やはり、そうだった。
旗の前までたどり着いた。
そのとき……。
どこからともなく声が……。
たどり着きましたね。あなたがはじめてですよ。
前の競争では、あのなだらかな坂道の途中で、あなたのおじいさんは、やる気をなくしたのですよ。
どこからともなく、声が響くのだあった。
アスかめさんのテラパシーの声である。
その旗をつかめばあなたの勝ちになります。
おめでとう。お祝いに、玉手箱を差し上げます。
でも勝負が終わってあなたが確実に勝ってから、この箱は開けてくださいよ。けっして前に開けたらダメですよ。
それでと、
さて、Questionです。(^^)
この玉手箱の中には何が入っているでしょうか?
それは、この旗をしっかり握ってぬきっとって、審判さんに分かるように空に向けて大きく振って勝負をつけて、
そ・れ・か・ら・
開けてね。(^〜^)
さーーーーて、
何ーーがーーーー、入ってーーー、
いーーるーーでーーしょうーーーかーー?
キャハハハハーーーー。(^〜^)
キャハハハハーーーー。(^〜^)
キャハハハハーーーー。(^〜^)
……
こっ、こっ、これはっ、……(^^;)
うーーーーん。
うさーラさんは、最後の、そして最大のテレパシーの壁にぶつかったのである。
それは、玉手箱をもらった瞬間に、どーーーーーーーしても、
中が見たくて見たくて仕方なくなってしまったのである。
棒を握ればいいんだ。そしてぎゅっと抜きとって、審判さんが空からよく見えるように、大きく振ればいいんだ。

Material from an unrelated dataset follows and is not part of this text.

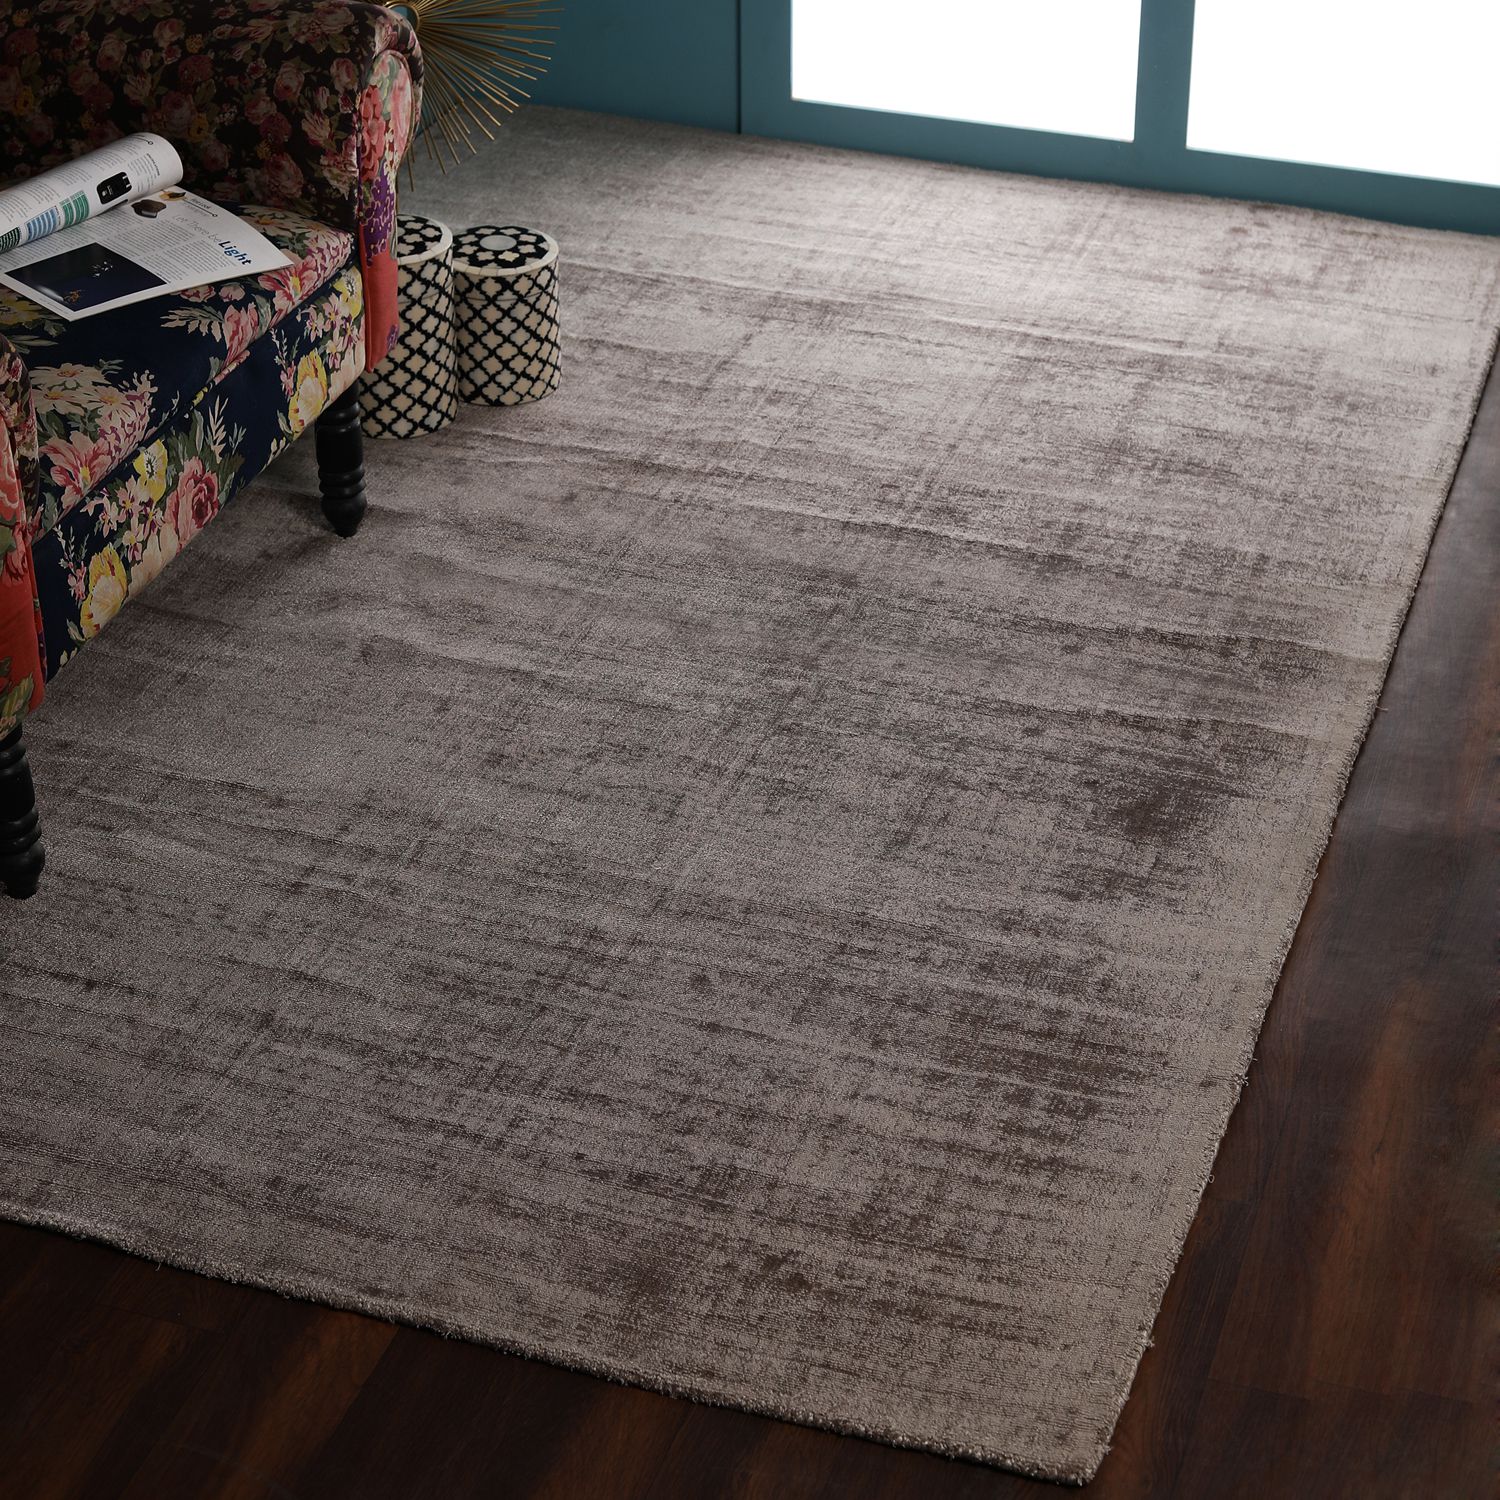     			PEQURA Beige Others Carpet Abstract 5x8 Ft

旗は30センチもない所にある。いつでもちょいと触れるのである。
そよそよと風になびいて、旗が顔になびきかかりさえしている。
するとまたしても、あの想いが湧いてくる。
もうここまで来たんだ。テレパシーのアスかめさんの声はは、ここまでとどくけれど、実体はまだ、はじめの丘にもたどり着いていない。
あまりにも、圧倒的なこの差。
普通に考えれば、まずはー負けるはずもない。
いや、どう考えてもけっして、けっして負けないだろう。
さすがにもう勝ったも同然だ。
しかし、その瞬間自分の言葉にハッっとしたのである。
おっと、これはいけない。
これなんだな!(°о°)
これなんだな!(°о°)
これなんだな!(°о°)
これなんだな!(°о°)
これなんだな!(°о°)
これで、ご先祖は一回も勝てないでいる訳だ。
油断大敵!そして、もう一度、油断大敵。
そして、そして、やっぱりもう一度、油断大敵。
そして、最後までやりぬくことが大切なのだ。
そう、そうなのだ。同じ失敗は、やっぱり、してはならない。
心の中で、喜びの声が聞こえる。
それでいい。きっと、勝ってね。
それでいい。さあ、旗を握って、旗をぬきとって。
そして、そして、そして大きく空へ向かって振るのよ。
くちばしの長い審判さーん。見てー。
うさーラさんは、油断と言う大敵を最後のこの場面でも克服することが出来た。すばらしい精神力である。これは長きに渡る鍛錬の成果なのである。
しかし、そこにはアスかめさんの仕組んだもうひとつの強大な敵が横たわっていたのである。